"Gentlemen, let's have some order please!" There's no doubt that big spending on audio leads to bigger and bigger spending to eek out that last 10%/1%/0.1%. Mike, Christian and Peter do it, and me too, I'm sure. I do have some issues with these upgrades being SO dramatic each time they're introduced. However I guess everyone's experience is different: for me, power has been a totally fruitful area to address (I live in a highly-mains polluted semi-industrial area of London, with internet booster stations, 24/7 broadband and wifi operating in my building, and big generators on 24/7 locally) - my mains prior to balanced power fluctuated +/- TEN % moment to moment, with balanced power now no more than+/- 0.5%.

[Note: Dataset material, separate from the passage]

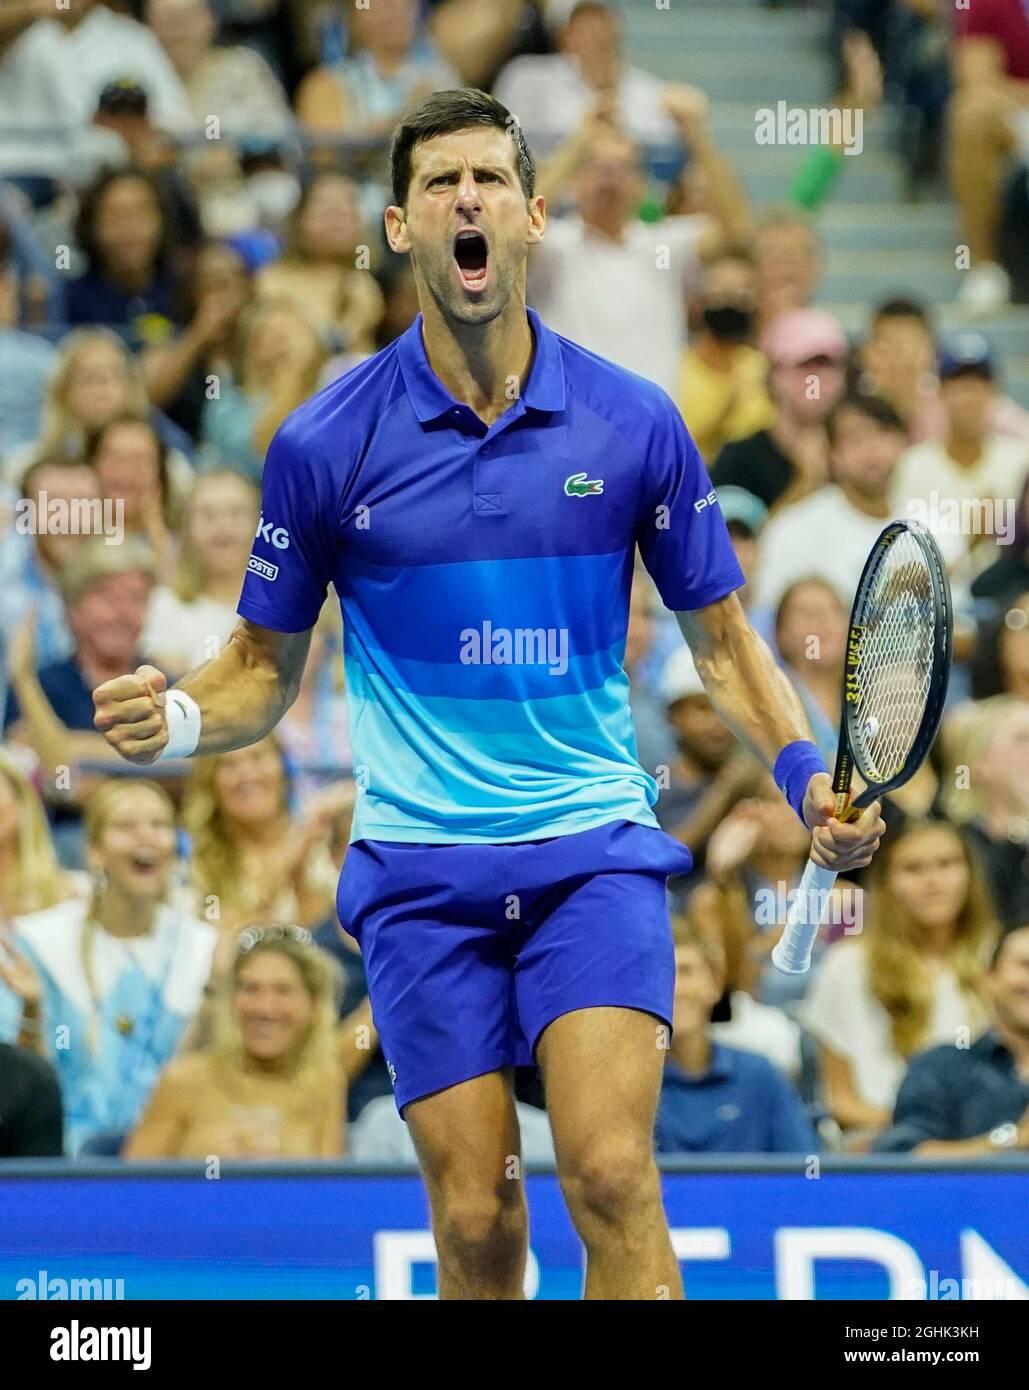 New York, Stati Uniti. 6 settembre 2021: Novak Djokovic (SRB) ha sconfitto Jenson Brooksby (USA) 1-6, 6-3, 6-2, 6-2, 6-2, al US Open in corso di recitazione al Billy Jean King Ntional Tennis Center di Flushing, Queens, New York/USA © Jo Becktold/Tennisclix/CSM/CSM Credit: CAL Sport/Alamy News Live Foto Stock

Conversely, my building is a reinforced concrete industrial loft with solid floors, and would take an earthquake to budge, and isolation experiments over time have had negligible effect (no improvement to be had from Grand Prix Monaco racks etc), until my Symposium Isis, which has been somewhat interesting. Not sure if failed alternatives except for the Isis means there is more performance to be had from active, but could be.

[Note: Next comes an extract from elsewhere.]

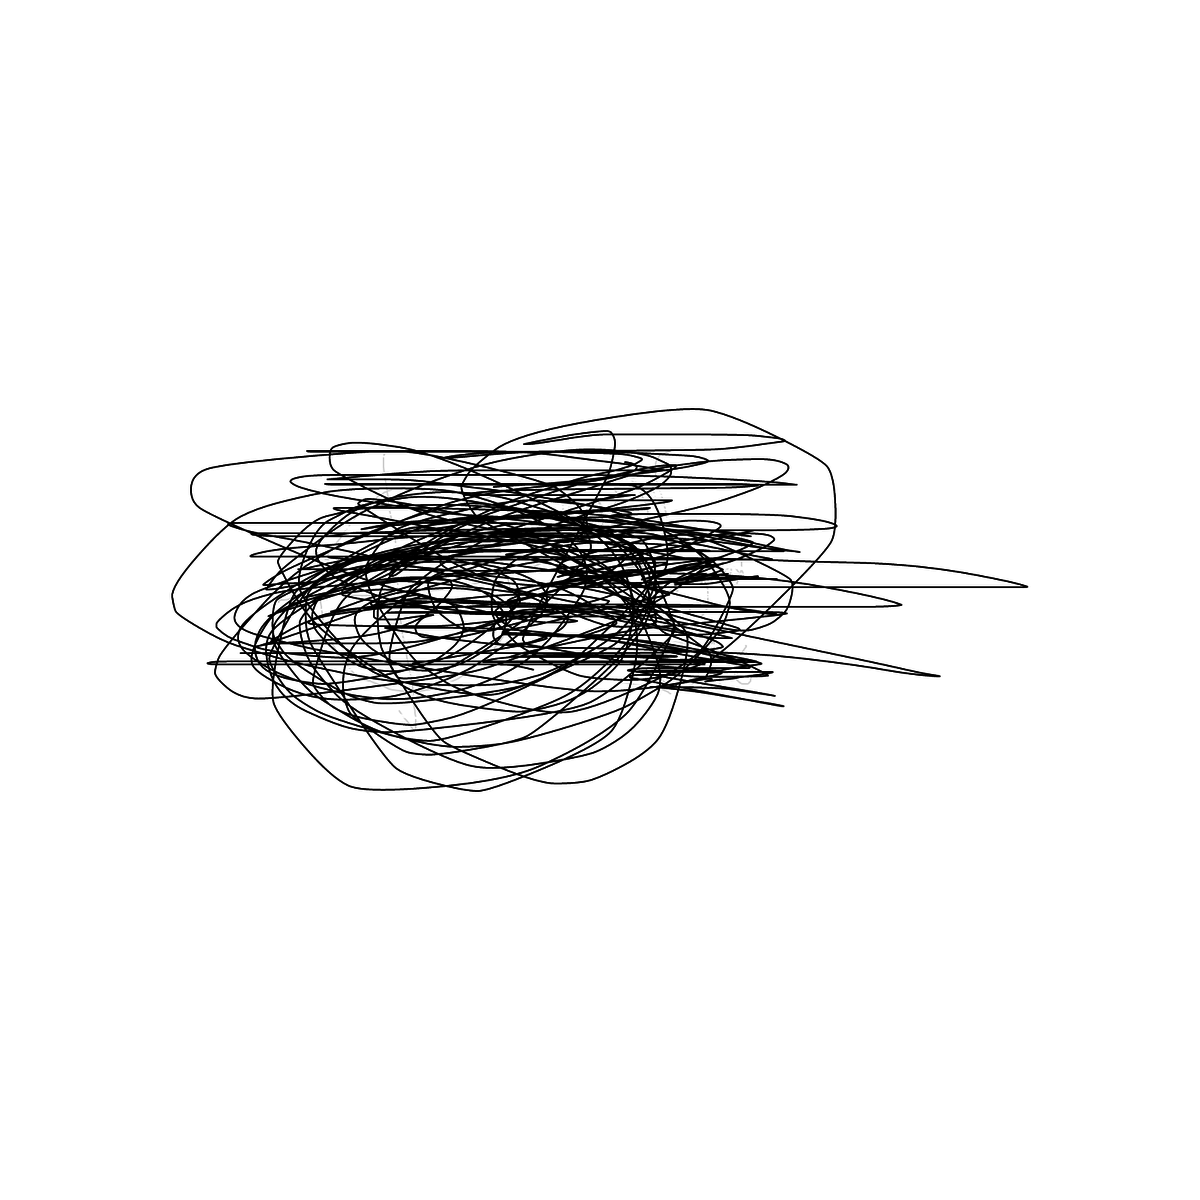 BAAAM drawing#13489 lat:59.2245063781738300lng: 10.4047679901123050

So, my "Eureka!" moments have been restricted to move to balanced power, and this took 3 months after a very poor start. Everything else ie racks, cabling, room acoustics, have provided satisfaction, not elation, and as many moves sideways/backwards as forwards.

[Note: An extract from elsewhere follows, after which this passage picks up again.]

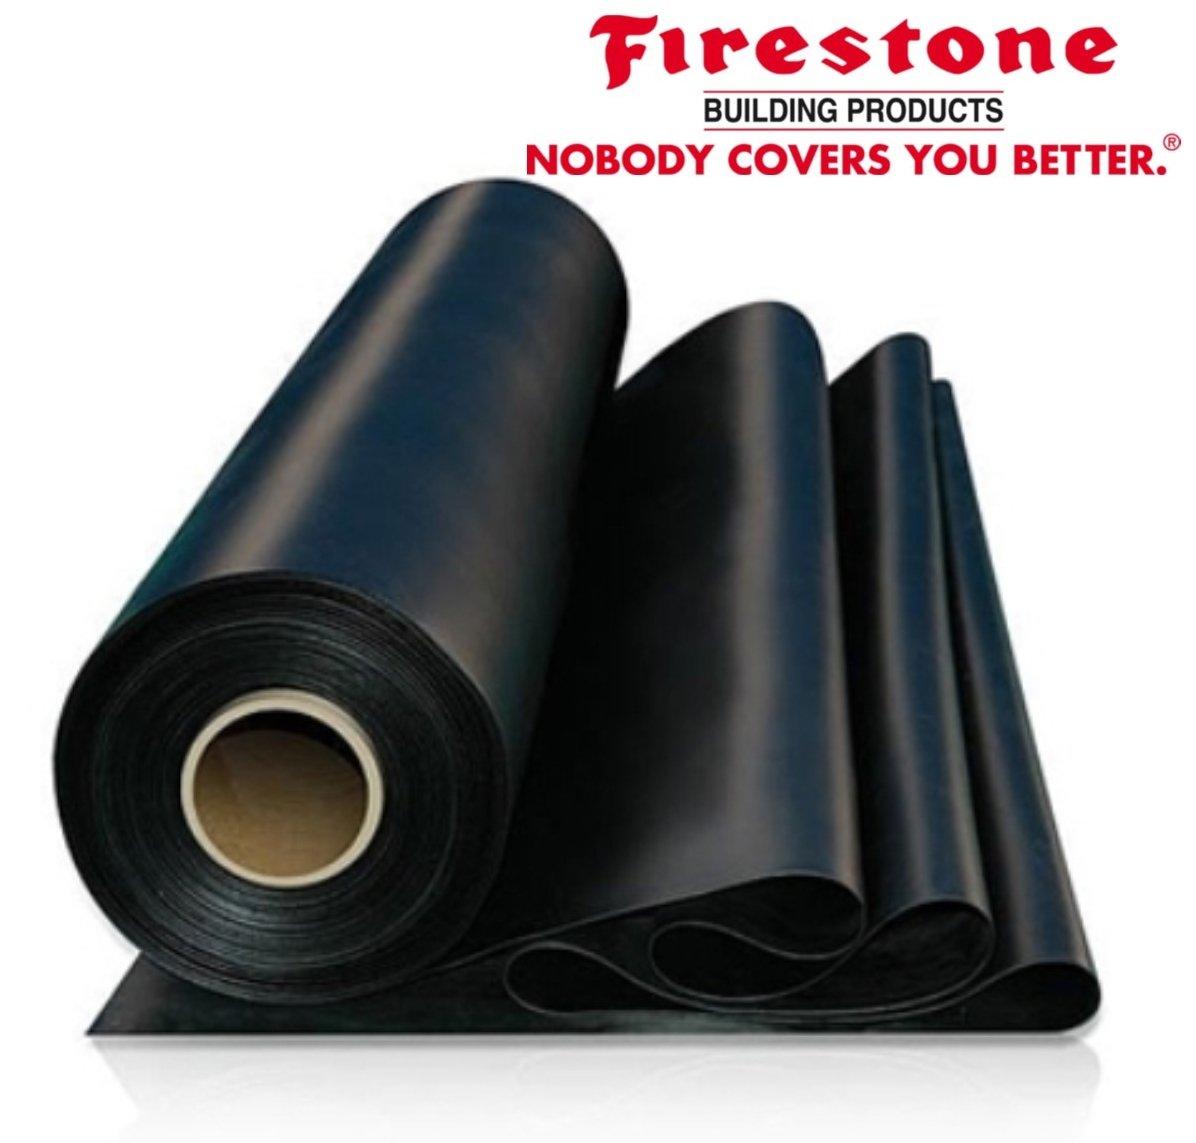 5 X 20 Firestone Rubbergard 45 Mil Epdm Roofing Rubber

YET Mike, Christian et al convey earth shattering elation with almost every round of system wide improvements, in the case of this thread, active isolation.
The reason I'm a little cool on this subject, is that too much is being attributed that active seems to cure, and yet I can't see how audio with moving parts causing vibration like tts and cdps, and especially vibration at the stylus tip can be selectively protected by active while external influences are eliminated. Passive yes, cut the system off from the floor, but active, cut it off from the AIR, and ITSELF, and vibrations that cause music, LEAVE alone.
And for the high cost of these things, easily corrupted effectiveness from eg cable interaction, poor interactivity with passive isolation etc, and hence they are more setup dependent than the equipment they are deemed to be helping. These mitigate possibly against their adoption.
I would love to do an effective a-b, on tt and cdp, which would be the limit of my budget, but I still can't fathom out how to do this effectively without dismantling/resiting of components, which in a major way could scupper the comparison.
Please Mike/Christian, don't take this as personal criticism, just that at $10-12k a pop, and with such vaunted claims, these items demand analysis.